# ACTION ITEM:
Give the listing again word for word. Leave every image out.

# GIVEN MATERIAL:
--- START ---

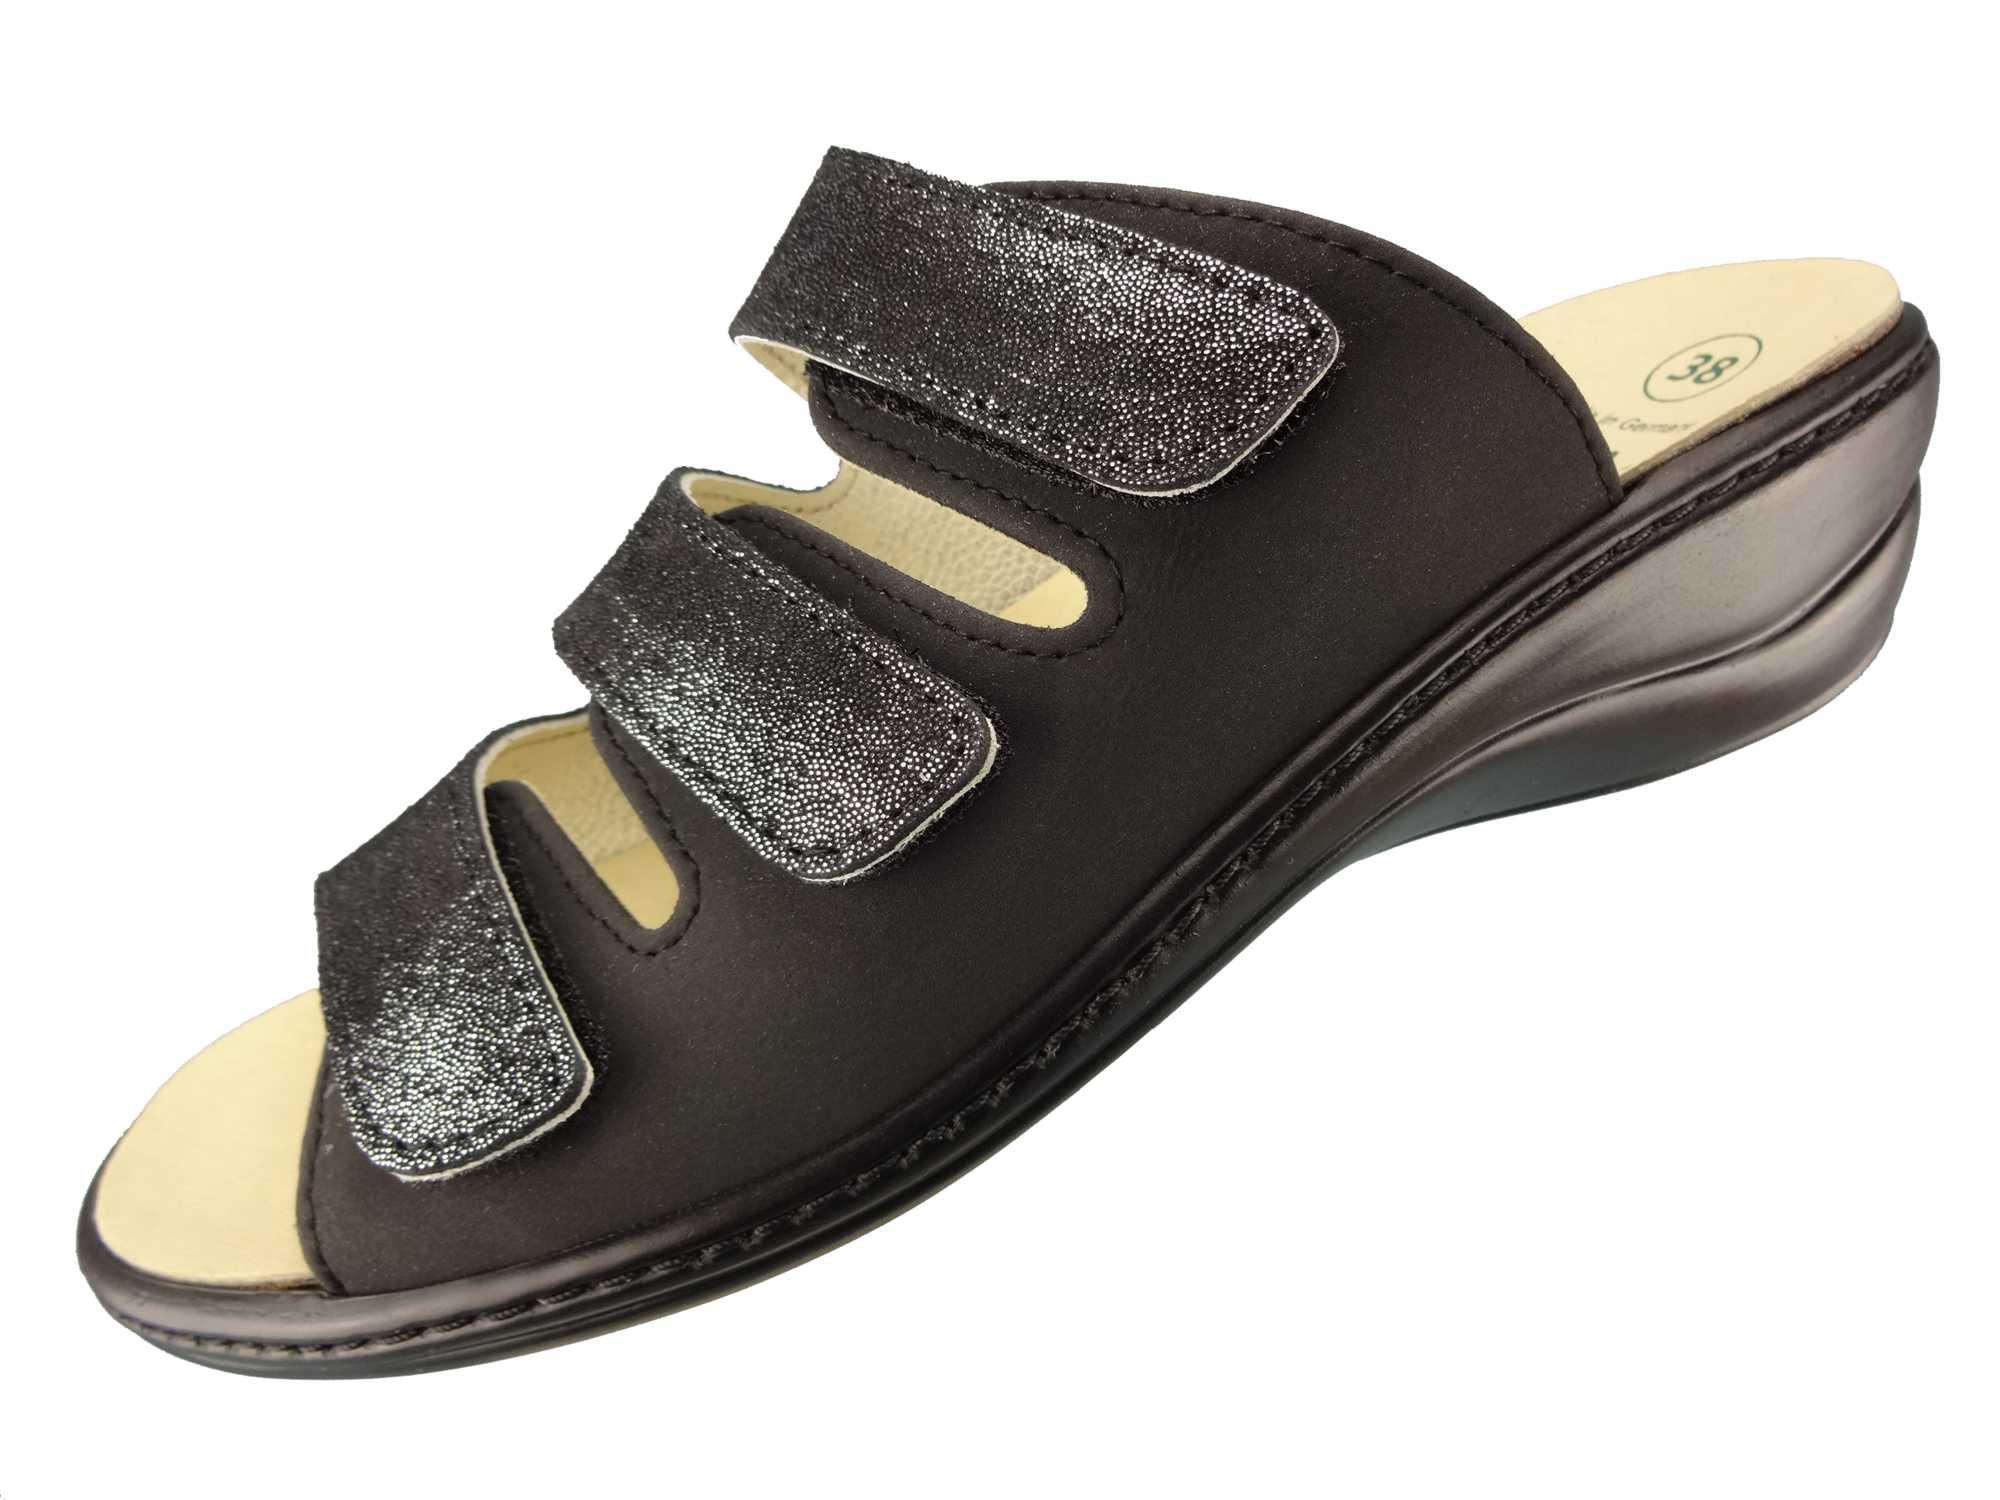 "Algemare Damen Leder Pantolette ""Nubuk Glitter"" Keilpantolette mit Algen-Kork Wechselfußbett Made in Germany 1239_0406"
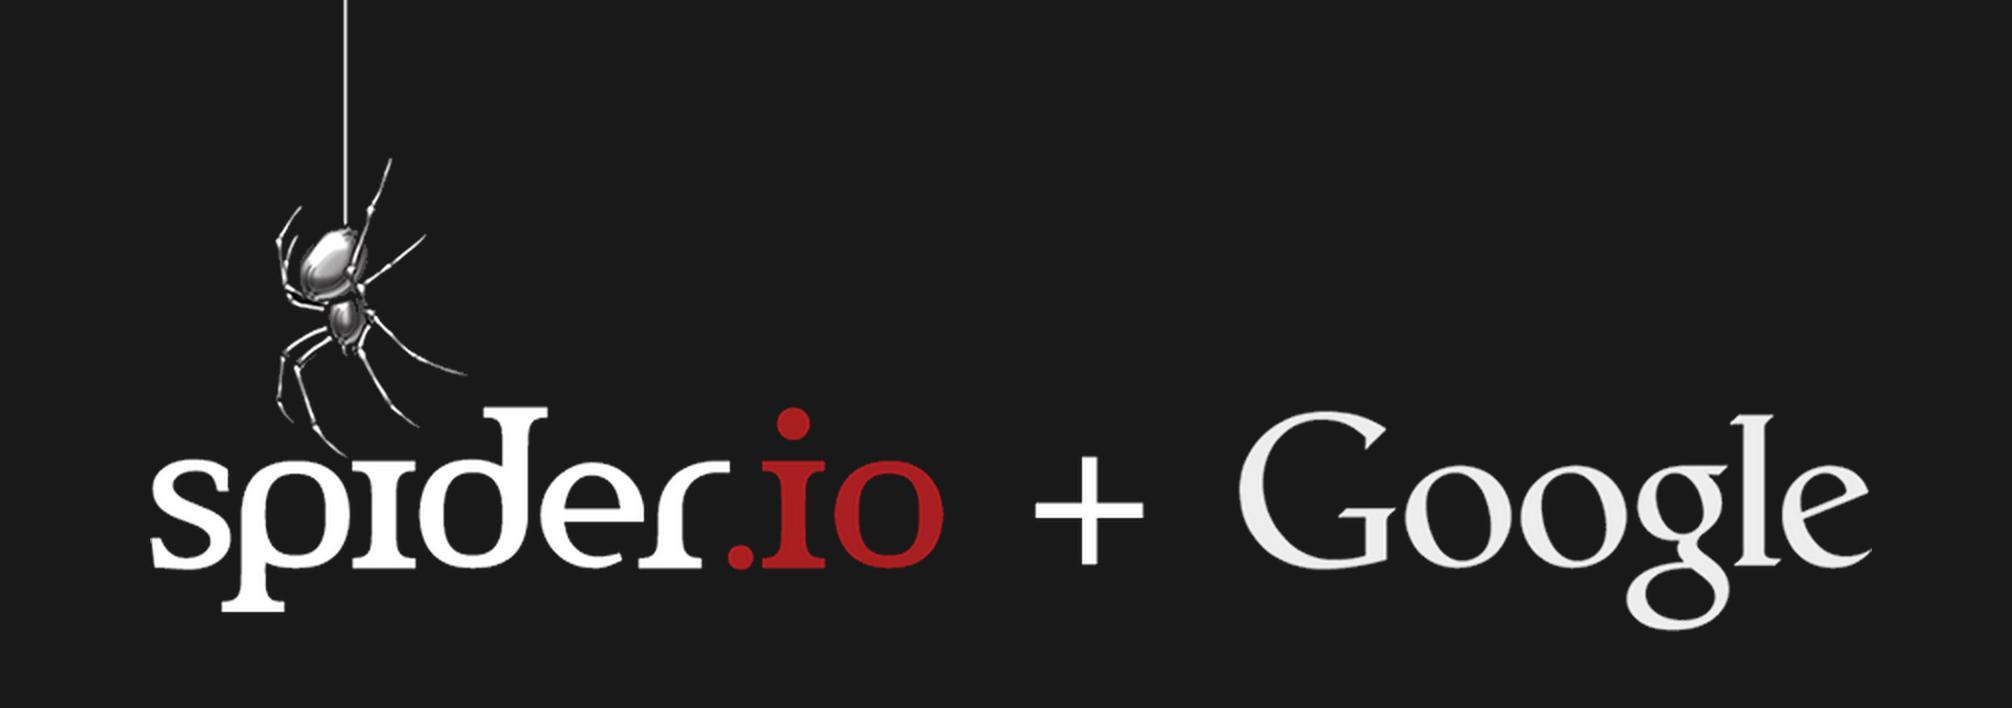 spider-io-google
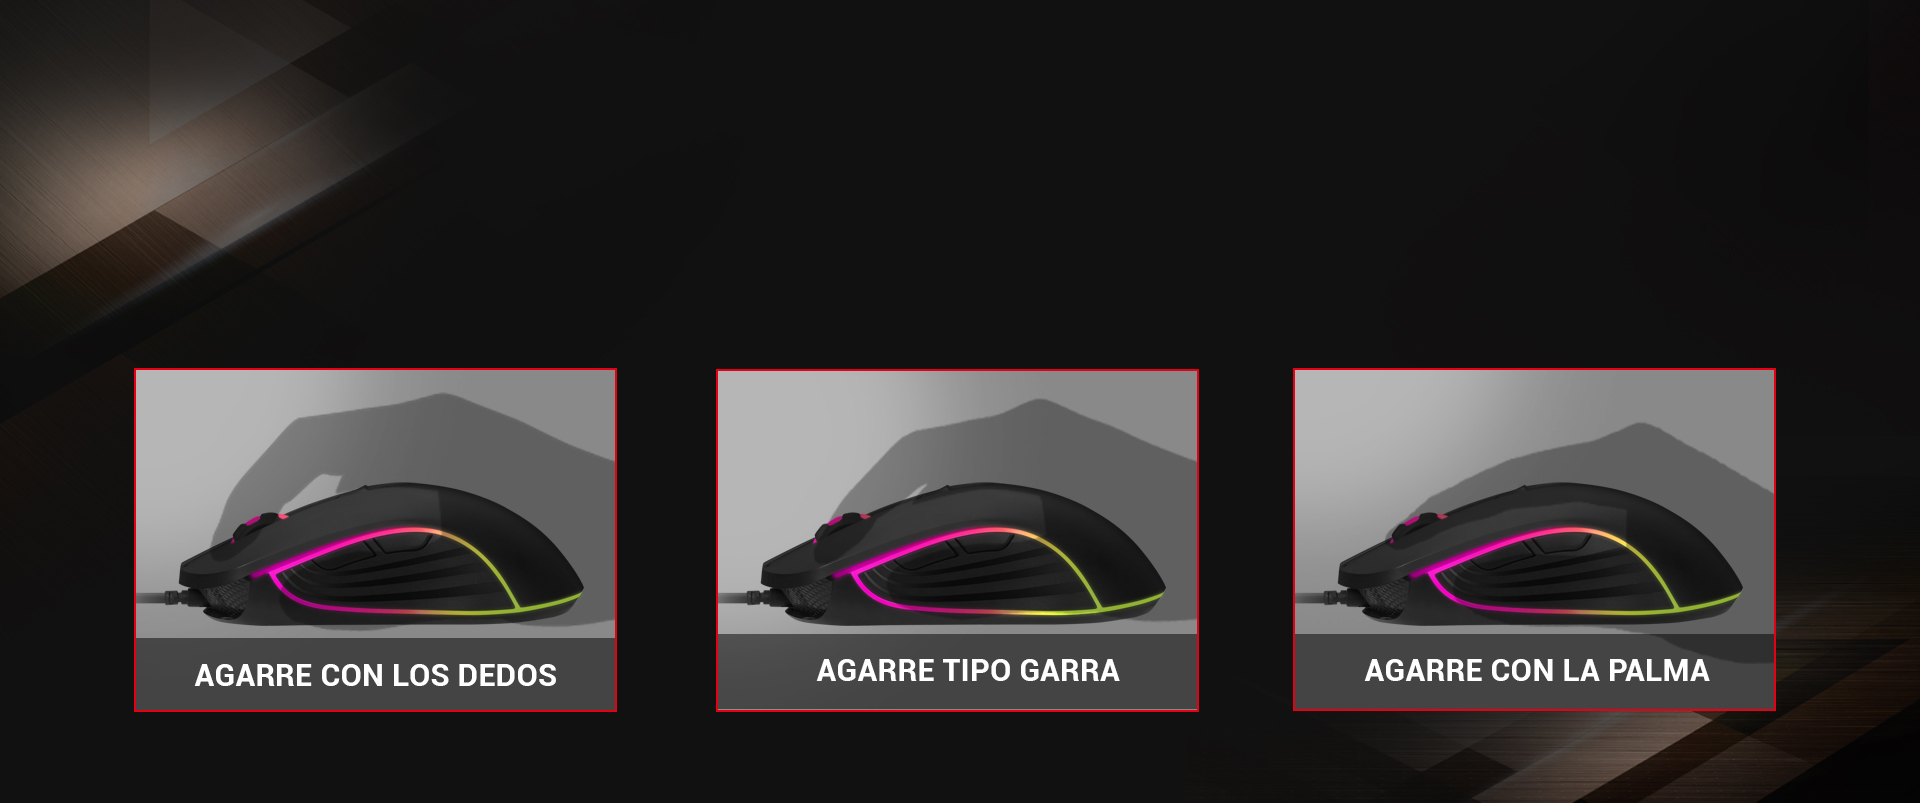 Ratón Gaming Astra M30 imagen descripción agarre

--- END ---

# ANSWER BOX:
 "Algemare Damen Leder Pantolette ""Nubuk Glitter"" Keilpantolette mit Algen-Kork Wechselfußbett Made in Germany 1239_0406"
 spider-io-google
 Ratón Gaming Astra M30 imagen descripción agarre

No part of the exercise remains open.